Shows of the Week: One of Kanye's More Adventurous Discoveries

Revention Music Center, February 17
Kid Cudi can always be counted on to bring the weird. An early signing to Kanye West’s GOOD Music label, Cudi found success with Top 5 single “Day ’n’ Nite” and album Man In the Moon: The End of Day. Now 32, the Cleveland native has undergone quite an aesthetic transformation since then, forming the rock/hip-hop hybrid duo WZRD with producer Dot Da Genius in 2012 and generally earning a reputation as one of the most eccentric performers and adventurous collaborators out there. Last year he released Speedin’ Bullet 2 Heaven, a largely lo-fi spazz-punk affair that would make even the Butthole Surfers proud, down to the running commentary by none other than Beavis and Butt-Head.

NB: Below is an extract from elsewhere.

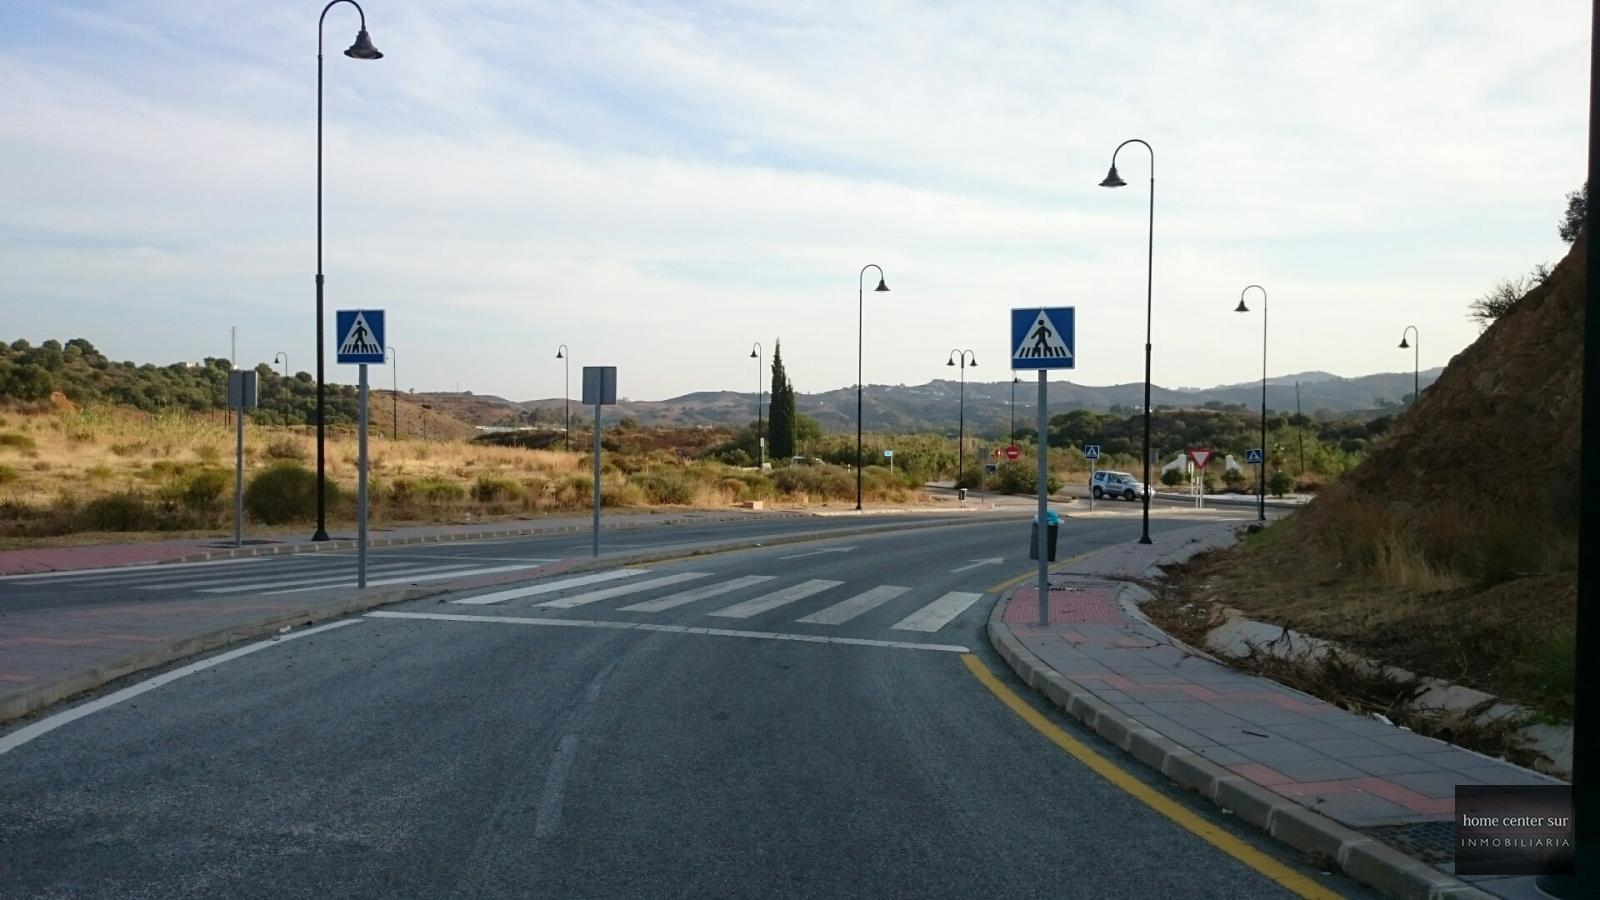 Terrain en vente à undefined unde (Mijas Costa), 149.000 €

Warehouse Live, February 18
When Trae Tha Truth has a homecoming show, it’s similar to when a king rolls back into his castle after a long battle, victory firmly clenched in his grasp. And his return to Houston after releasing Tha Truth and Tha Truth Pt. 2 should feel like he’s been out slaying a thousand giants. As practically a rap planet of its own, Trae’s method has always been simple: He draws you in with tales of his life through a husky, almost solemn growl before unleashing the fire and brimstone that show his scars. He’s a pained giant and, when it comes to a live show, far closer to a battle-tested warrior who wears his victories through the ink on his skin. Sometimes you forget how many classic songs Trae has in his catalog, until you hear them live and start dancing and rapping along with him. (Note: free admission with RSVP to BRANDON CALDWELL

Stampede Houston, February 19
The Josh Abbott Band has steadily grown into one of Texas country’s A-list acts with songs that consistently hold a mirror up to the audience, all the better to keep the beer flowing during the group’s exhaustive live shows. Many, many miles after examining their roots on 2012 breakthrough Small Town Family Dream, the Lubbock-formed band’s 2015 LP, Front Row Seat, departs from the genre’s standard beer-and-pickups mold enough to tell a story in five acts. The plot may be familiar — falling in and out of love, reflecting the real-life divorce Abbott was going through at the time Seat was recorded — but here the band captures both the highs and the lows in evocative, heartfelt detail, from the barnstorming “Live It While You Got It” and flirtatious “Kisses We Steal” to the despairing “Ghosts” and safely numbed “Anonymity.” Those who write Texas country off as merely ballcaps and beer cans should hear this album.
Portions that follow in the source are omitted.